İstifama neden olan olay, iki aydır maaş alamayan arkadaşlarımın şikayet mektuplarına işverenin tensikatla tepki vermek istemesi oldu. Nokta'nın sahibi Nida Ergenç'in bu proje ile ilgili attığı yanlış adımlar ve içine girdiği ekonomik darboğazı aşmada gerek zihniyet gerekse pratik olarak başarısız kalmasının, bu sonucu doğurması kaçınılmazdı.
Geride kalan bu 4,5 aylık deneyim, hem medya alanındaki bazı gerçeklerle yüzleşmeme, hem de bazı potansiyelleri fark etmeme yaradı diyebilirim. Bunları, başından beri bana destek veren, işbirliğine giren, yardımlarını esirgemeyen sizlerle paylaşmak istiyorum.

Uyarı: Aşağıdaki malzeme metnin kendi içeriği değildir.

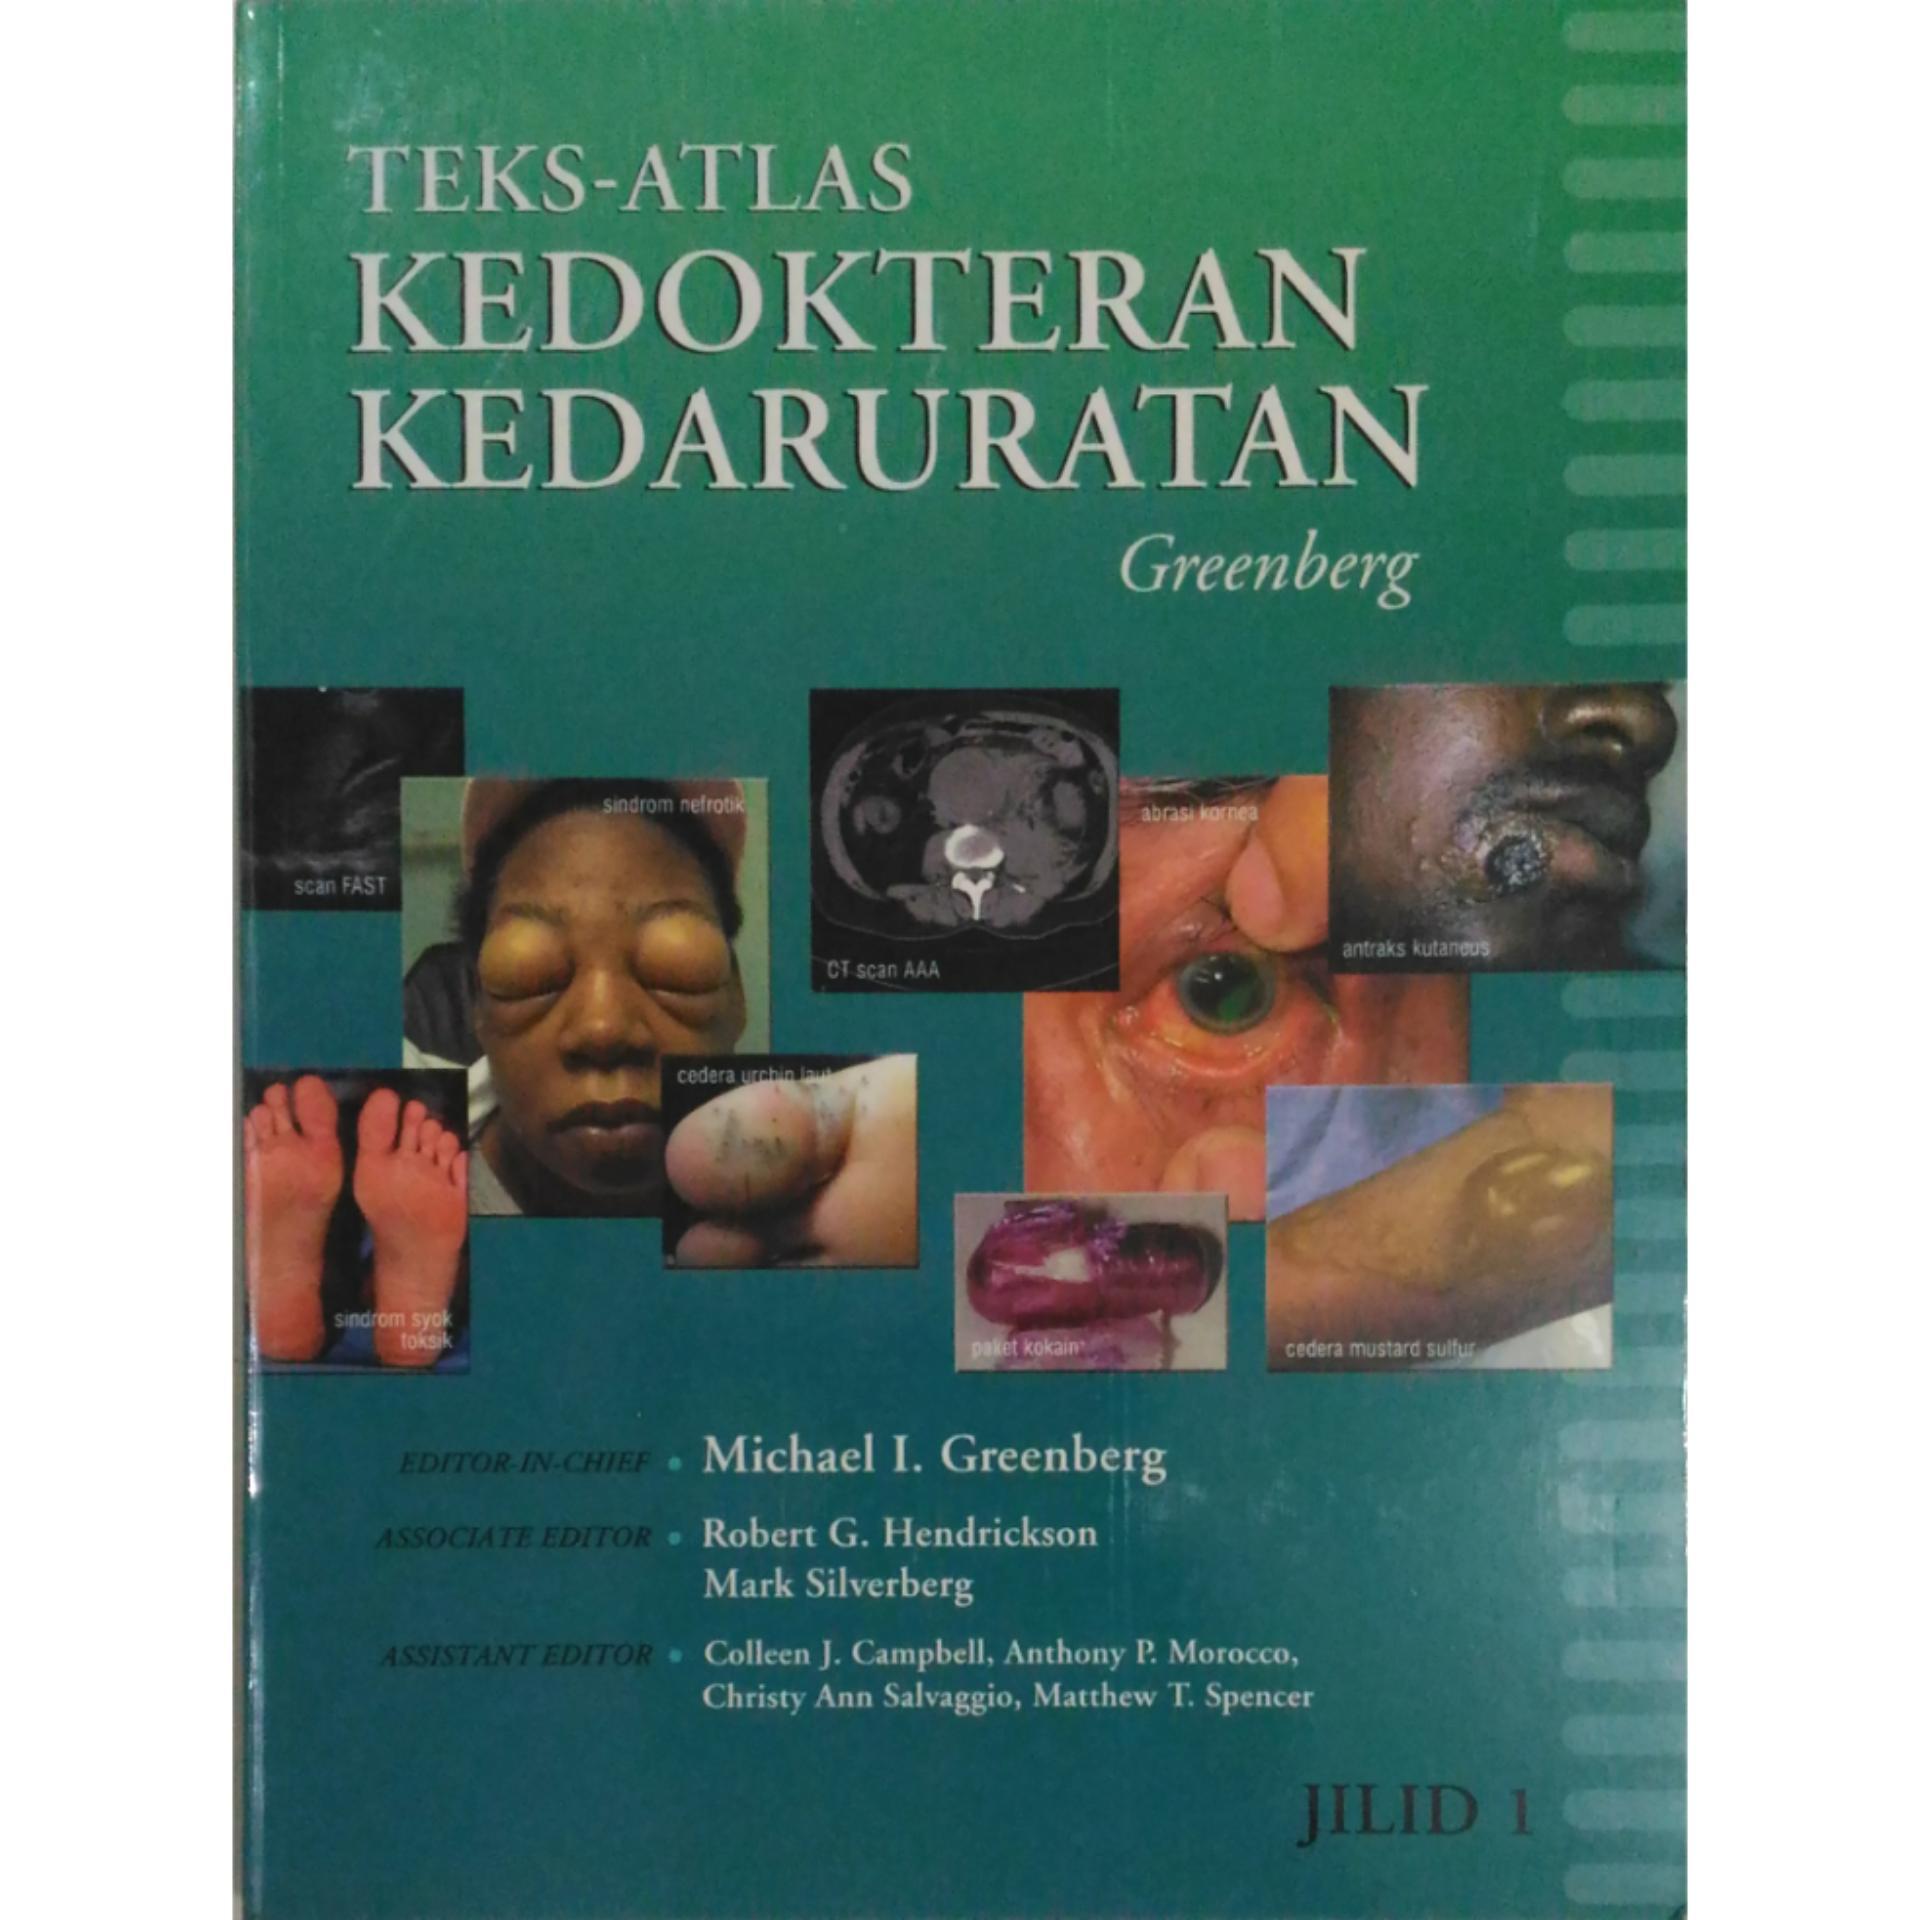 Erlangga Teks-Atlas Kedokteran Kedaruratan Jl. 1 Greenberg

Yaşadığım Nokta pratiği, uzun bir süre(1990'dan beri) dışında kalmaya özen gösterdiğim medya sektörünün, tam da gözlemlediğim gibi, önemli bir bağımlılık ilişkisi içinde olduğunu bir kez daha gözler önüne serdi.
1990'larda hızlanan medyanın holdingleşmesi, holdinglerin medyalaşması süreci, "bağımsız medya" olgusunun yaşam alanını da son derece daraltmış durumda.

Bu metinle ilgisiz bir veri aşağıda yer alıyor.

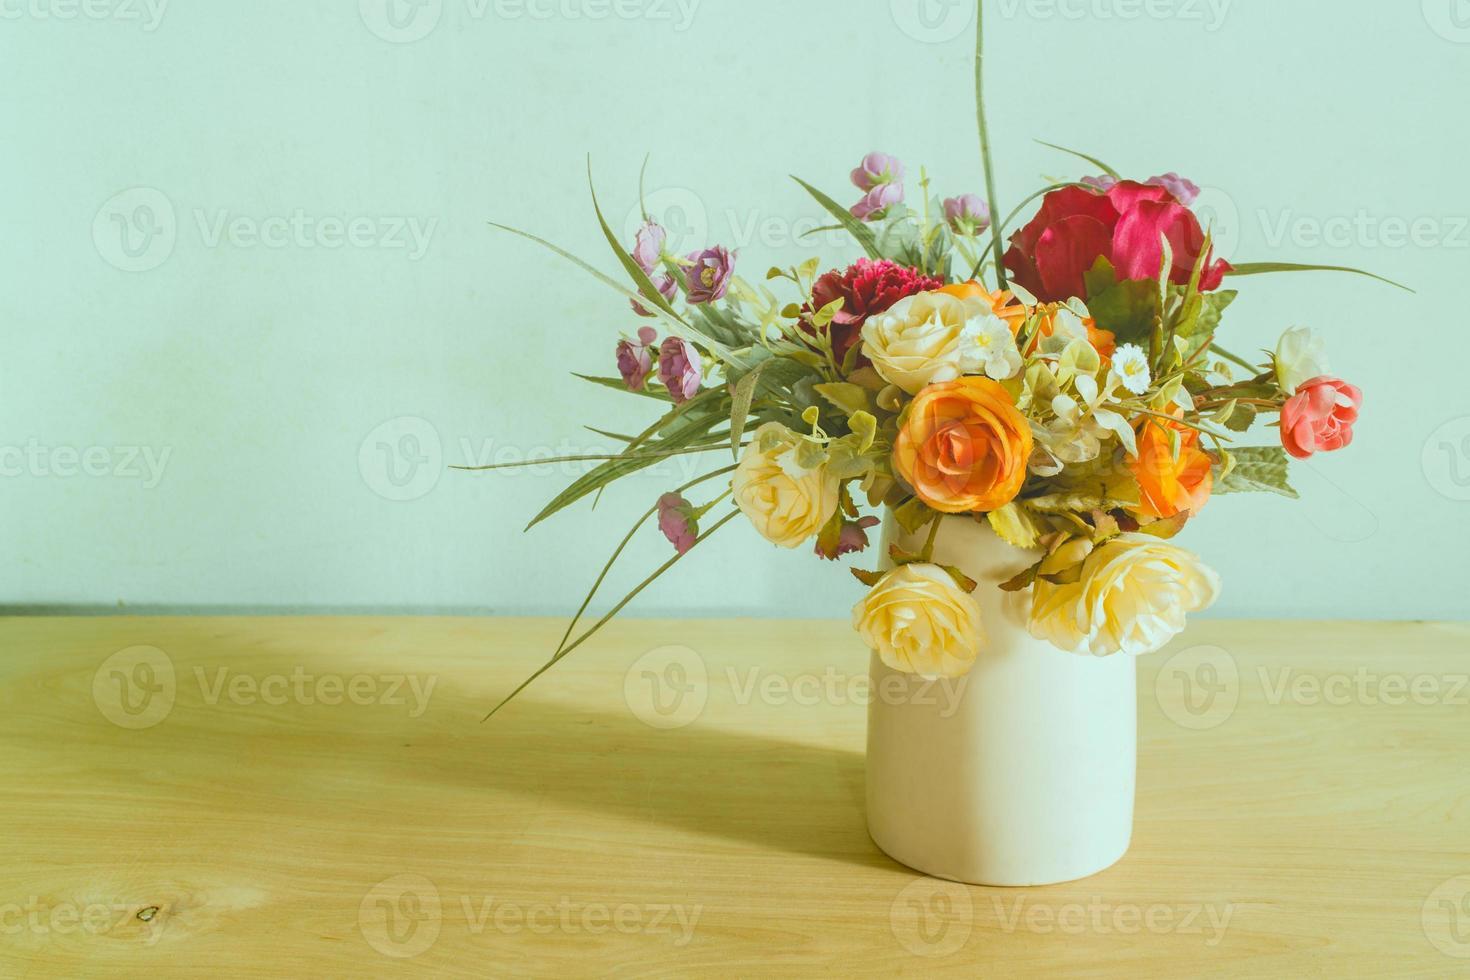 flores en florero foto

Her grup, gazetesi, dergisi, TV'si ile gerçekleştirdiği yatay konsantrasyonu, ticari işletmelerle dikeyine tamamlamış ve gazetecilik, tamamen grup çıkarları ile uyumlu bir çizgide yapılıyor. Habercilik aşağıdan yukarıya değil, yukarıdan aşağıya gerçekleştiriliyor.

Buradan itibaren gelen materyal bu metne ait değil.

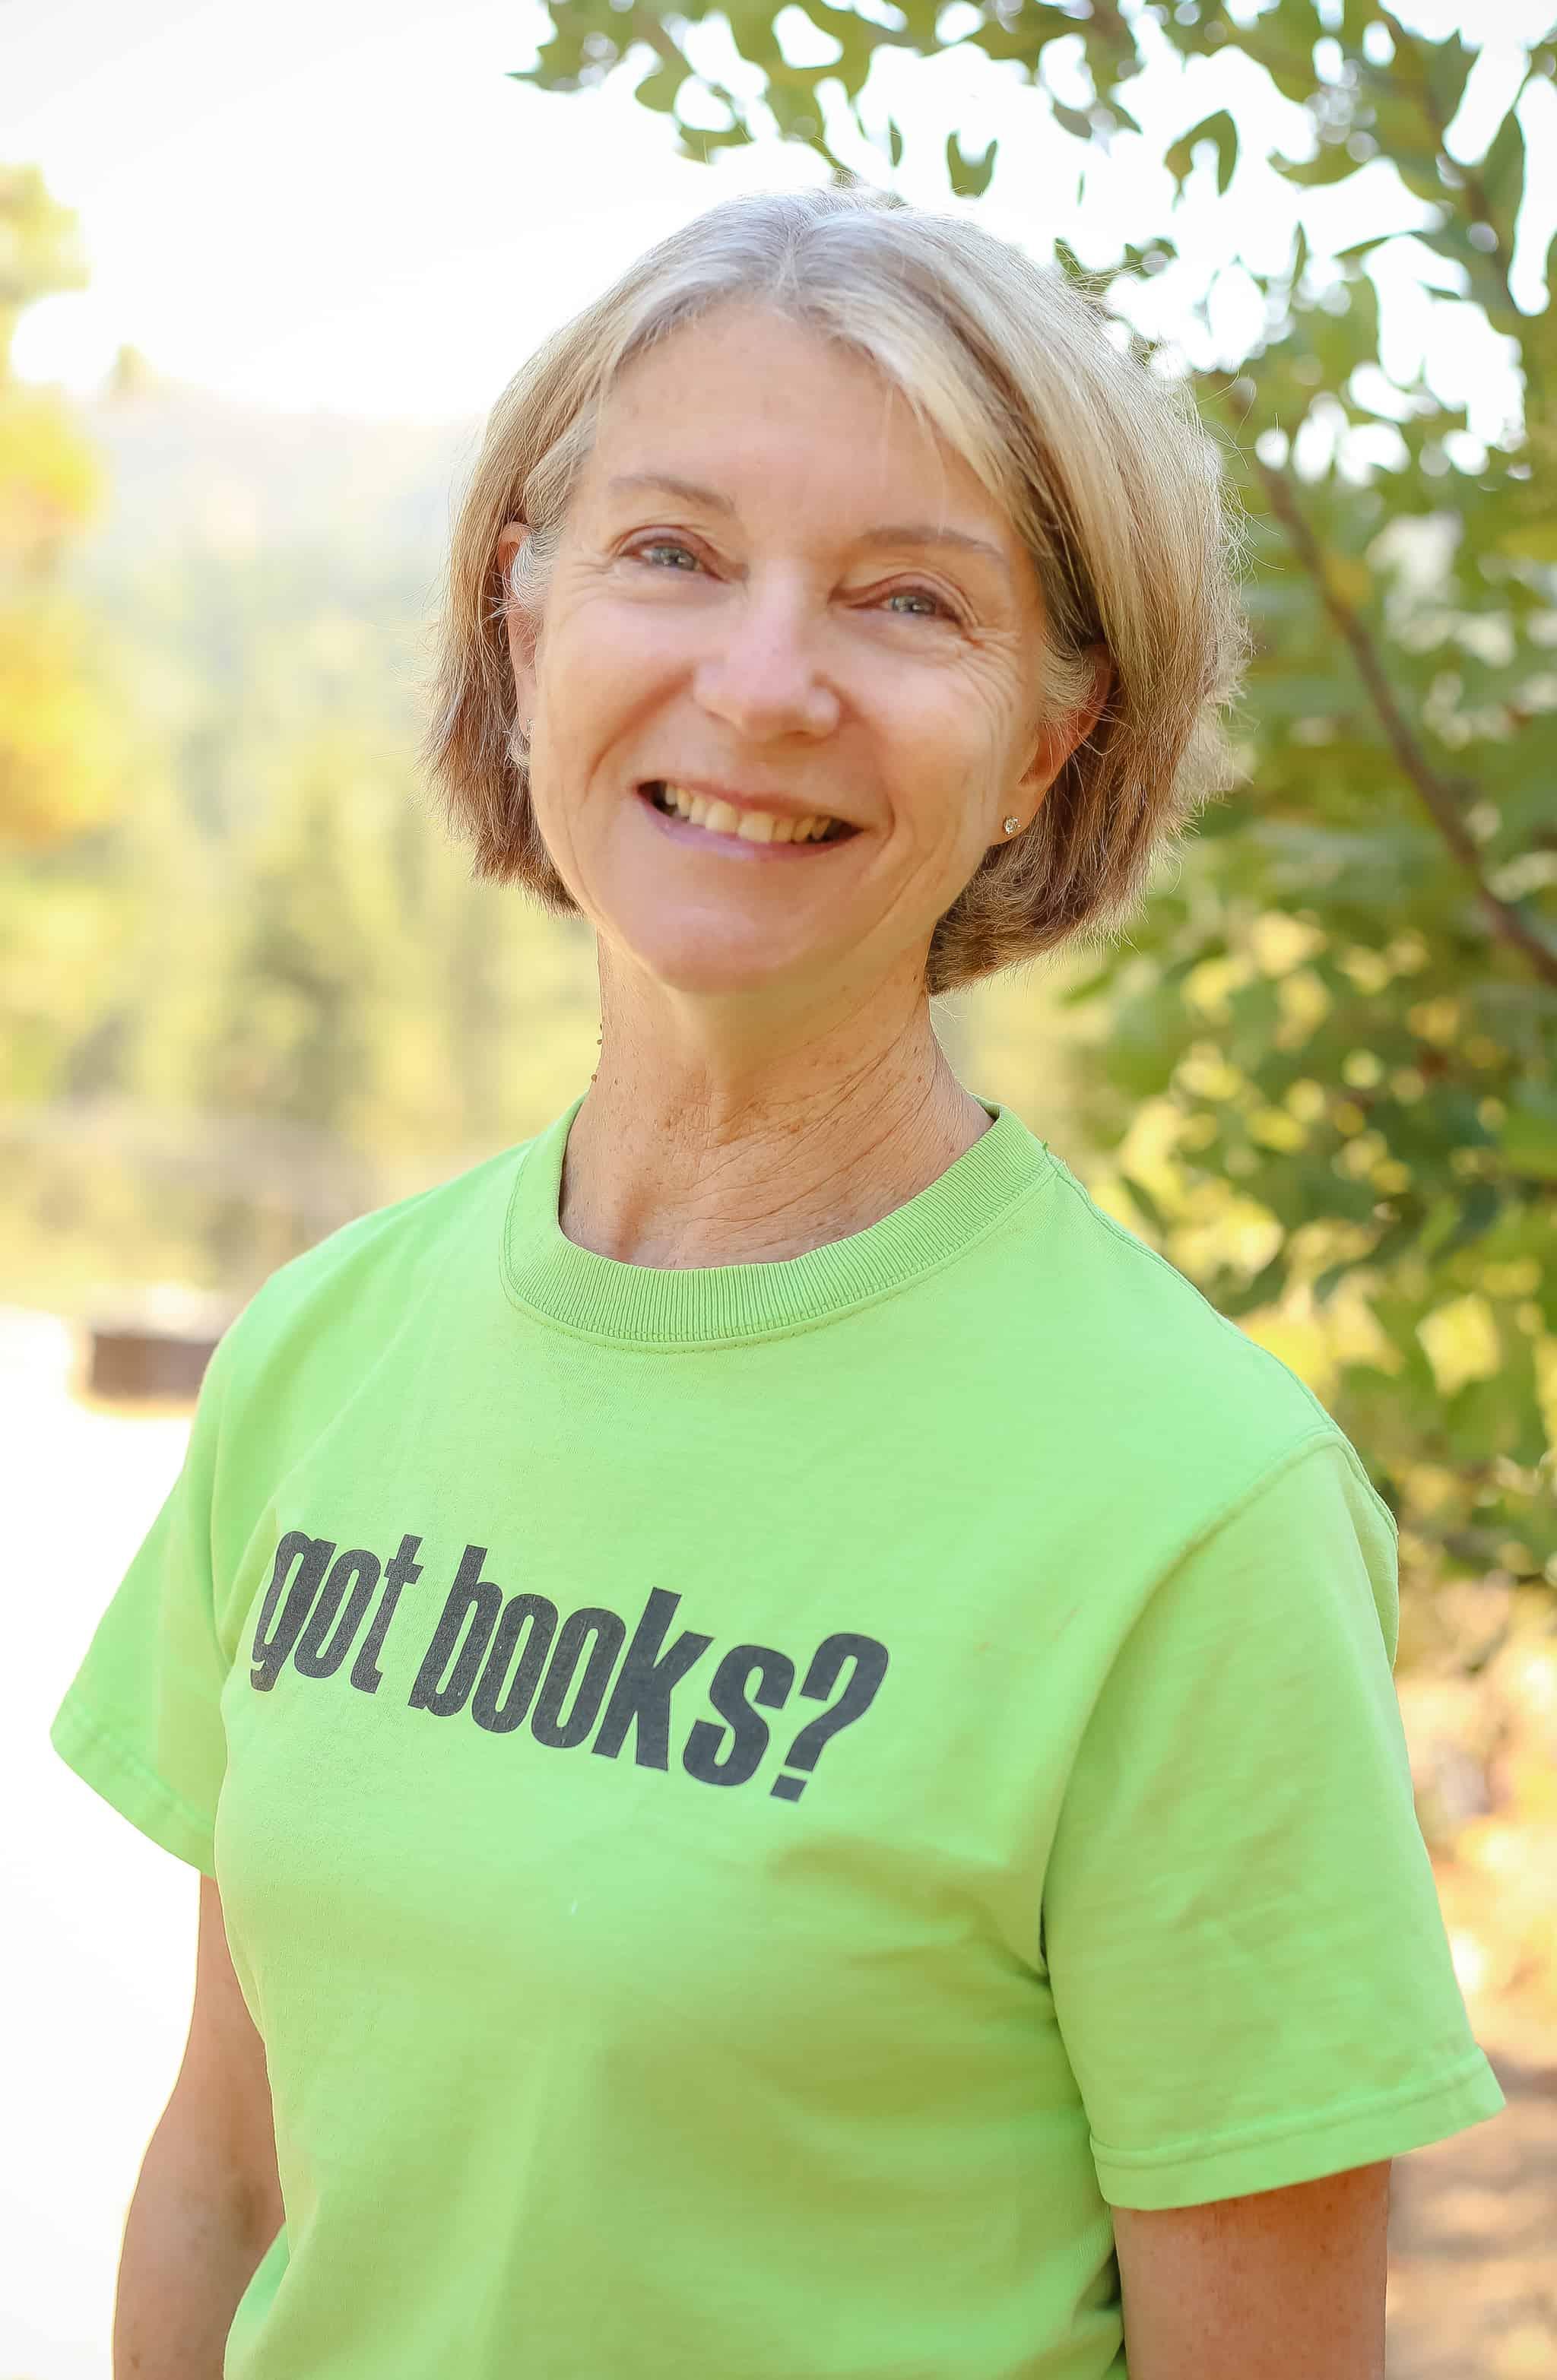 Author Erin Dealey

Siyasi partilere, iktidar pratiğine yaklaşımı, medya sahibinin çıkar ilişkileri belirliyor. İki cephede toplanan medya grupları, daha çok birbirlerinin hamlelerini kollayıp ona göre, ülke ve dünya sorunlarına tavır alıyorlar. Böylesi bir güdümlü medyanın çoğu okuyucu, izleyici tabi ki farkında. Bundan dolayı da gazete ve dergi tirajları, artan gelir ve nüfusa rağmen pek artmıyor.
Böylesi bir medya ortamında Nokta, örnekleri tek tük görülen bağımsız medya kuruluşlarından biri olma potansiyeline baştan sahipti.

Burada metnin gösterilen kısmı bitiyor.